At least one polymer (A) selected from the group consisting of a polyimide precursor obtained by reacting a diamine component and a tetracarboxylic acid component, and a polyimide obtained by imidizing it, and a diamine compound (B) represented by the following formula (1) ) A liquid crystal aligning agent characterized by containing.

(In the formula, Ar is an unsubstituted or substituted divalent aromatic hydrocarbon group having 6 to 18 carbon atoms,
R is an unsubstituted or substituted alkylene group having 1 to 6 carbon atoms, alkenylene group having 2 to 6 carbon atoms, alkynylene group having 2 to 6 carbon atoms, cycloalkylene group having 3 to 10 carbon atoms, or 3 to 10 carbon atoms It is a cycloalkenylene group of.) The method of claim 1,
A liquid crystal aligning agent containing 2 to 30 parts by mass of a diamine compound (B) with respect to 100 parts by mass of the polymer (A). The method according to claim 1 or 2,
A liquid crystal aligning agent in which part or all of a polymer (A) and a diamine compound (B) are reacting. The method according to any one of claims 1 to 3,
In the formula (1), Ar is a phenylene group or a naphthylene group. The method according to any one of claims 1 to 4,
The liquid crystal aligning agent in which R is a C1-C6 alkylene group in said Formula (1). The method according to any one of claims 1 to 5,
The liquid crystal aligning agent, wherein the diamine compound (B) is a diamine represented by any of the following A1 to A3 and A7 to A11 formulas.
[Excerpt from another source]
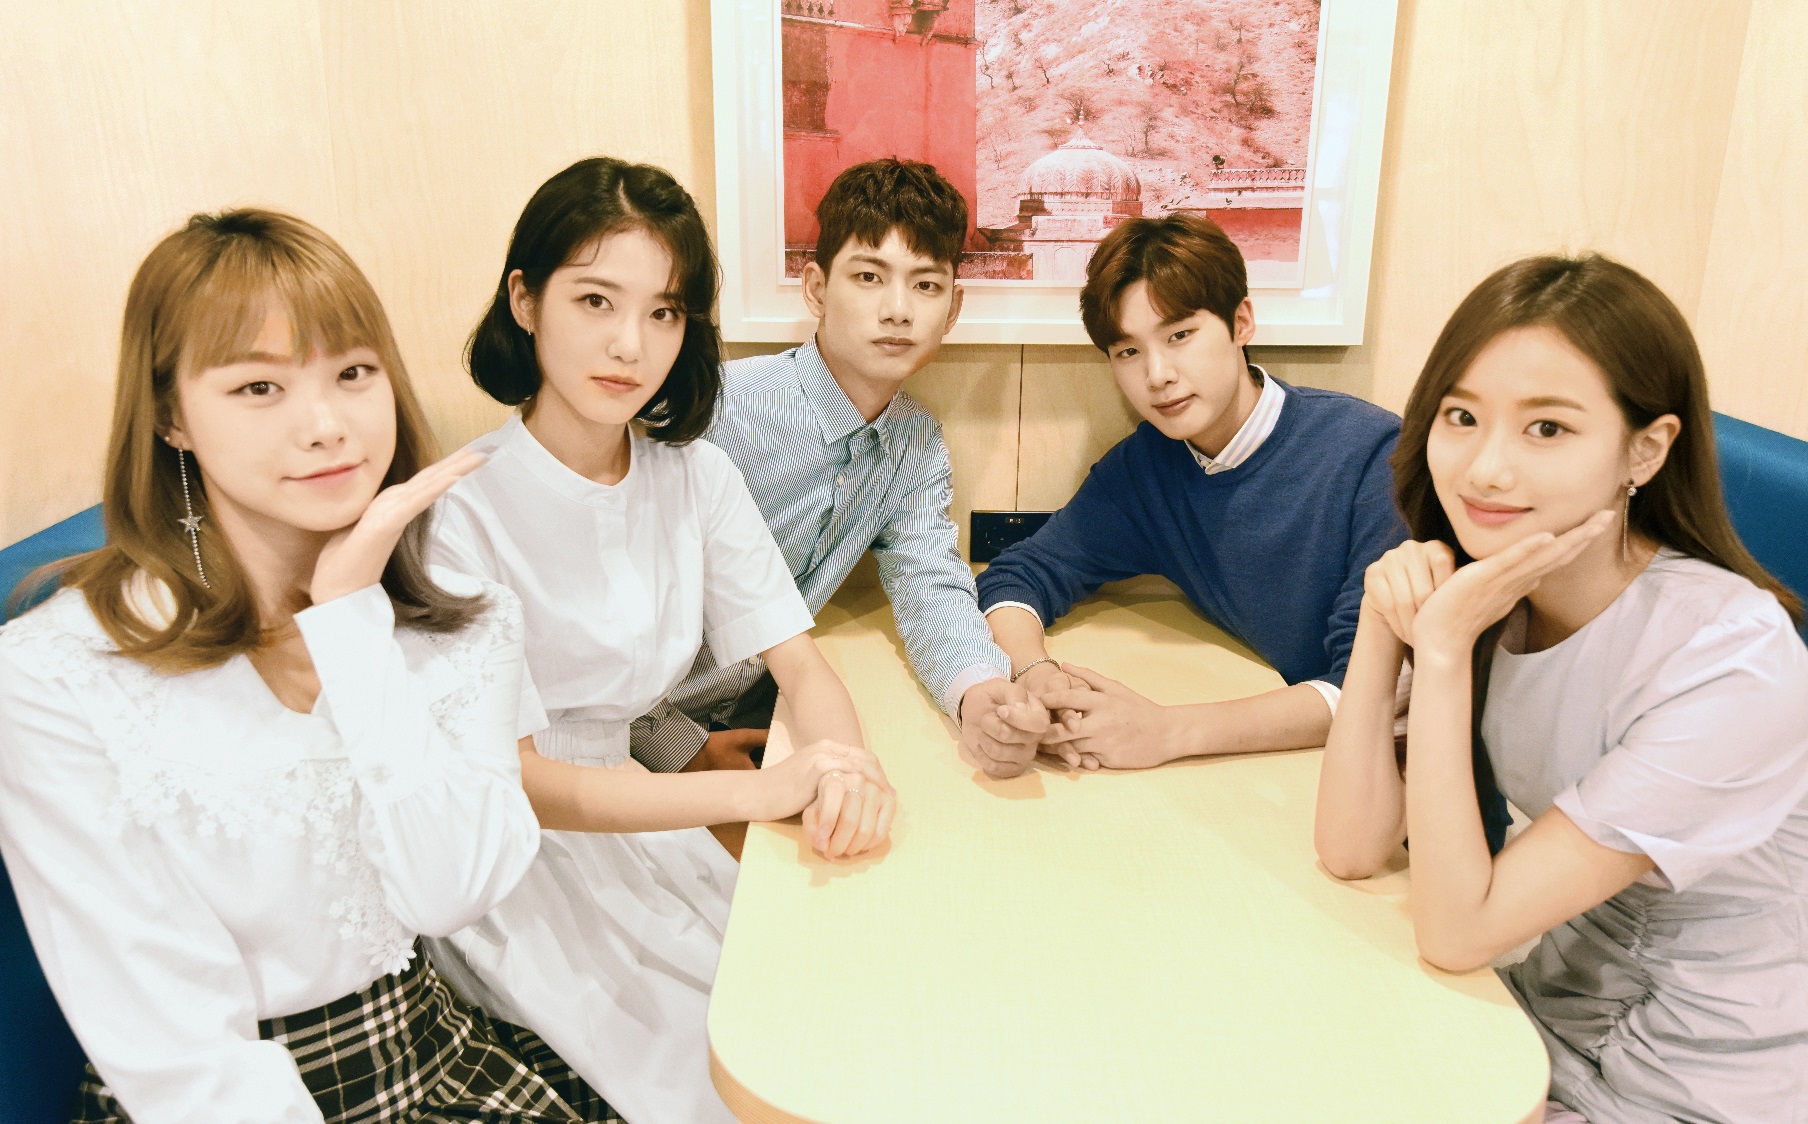 웹드라마 ‘에이틴’ 배우들. 왼쪽부터 김수현, 신예은, 의현, 김동희, 이나은. 최해국 선임기자seaworld@seoul.co.kr
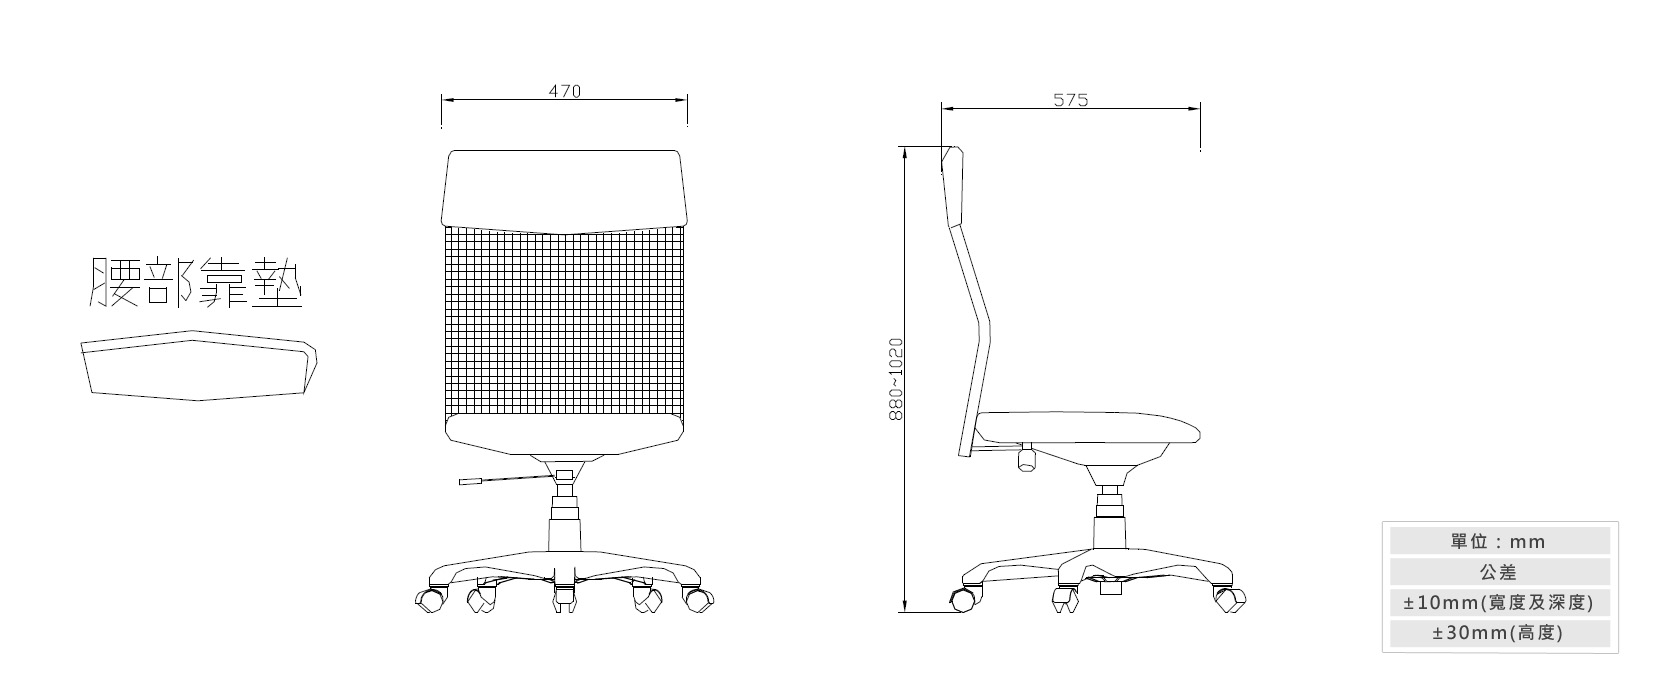 2-13辦公椅(彈性網布)材質說明

The method according to any one of claims 1 to 6,
The liquid crystal aligning agent in which the said polymer (A) is a soluble polyimide. The method according to any one of claims 1 to 7,
The organic solvent contained in the liquid crystal aligning agent is N,N-dimethylformamide, N,N-diethylformamide, N,N-dimethylacetamide, N-methyl-2-pyrrolidone, N-ethyl- 2-pyrrolidone, N-methylcaprolactam, 2-pyrrolidone, N-vinyl-2-pyrrolidone, dimethylsulfoxide, dimethylsulfone, γ-butyrolactone, 1,3-dimethyl-imidazoli The liquid crystal aligning agent which is 1 type or 2 or more types selected from the group consisting of dione and 3-methoxy-N,N-dimethylpropanamide. The method according to any one of claims 1 to 8,
A liquid crystal aligning agent for manufacturing a narrow frame liquid crystal display element. A liquid crystal aligning film obtained from the liquid crystal aligning agent in any one of Claims 1-9. A liquid crystal display device comprising the liquid crystal alignment film according to claim 10. The method of claim 11,
A liquid crystal display element which is a narrow frame liquid crystal display element.